Donovan Singletary is an American bass-baritone who has performed with the Metropolitan Opera, Glyndebourne, La Scala, and Seattle Opera. He trained in the Metropolitan Opera's Lindemann Young Artist Development Program + Juilliard, a joint venture developed under James Levine. His work has been recognized in The New York Times and Seattle Gay News, with critics noting his stage presence and vocal quality.

== Early life and education ==
Singletary was raised in Crestview, Florida, in the state's northern panhandle near the Alabama border. He discovered singing as a young teenager and pursued formal musical training.

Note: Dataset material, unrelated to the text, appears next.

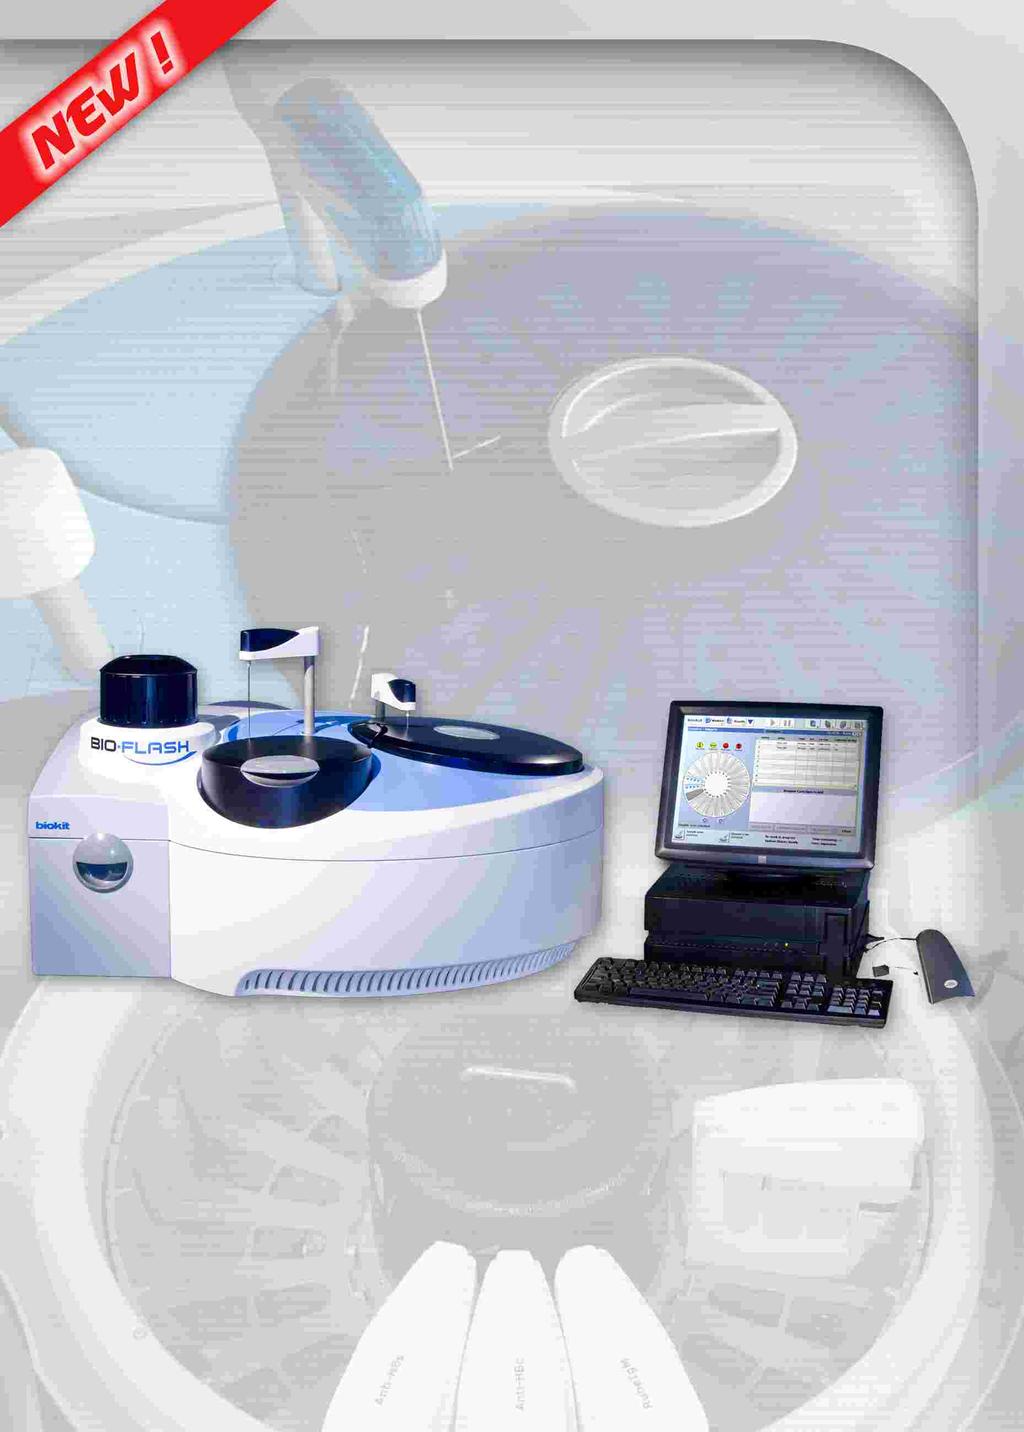 SOFTWARE Chemiluminescence Analyzer Intuitive operator interface Easy-to-follow pictograms for

He earned his undergraduate degree from Stetson University, studying under Craig Maddox and Duncan Couch.

In 2023, the Okaloosa County Commission proclaimed October 23 as "Donovan Singletary Day" in recognition of his artistic achievements and connection to his hometown.

He later attended the Mannes School of Music for graduate-level vocal study before joining The Met Young Artist Program and the Juilliard School.

== Career ==
Singletary made his Metropolitan Opera debut in Salome during the 2008–2009 season. He later appeared with the company as Angelotti in Tosca, with The New York Times citing his contribution to the cast. At the Metropolitan Opera, his performance as Jake in Porgy and Bess in 2020 was noted by The New York Times, which wrote that "the robust bass-baritone Donovan Singletary…was a standout." The following year, he sang two minor roles in the New York City premiere of Terence Blanchard's 2021 opera Fire Shut Up in My Bones by the Met.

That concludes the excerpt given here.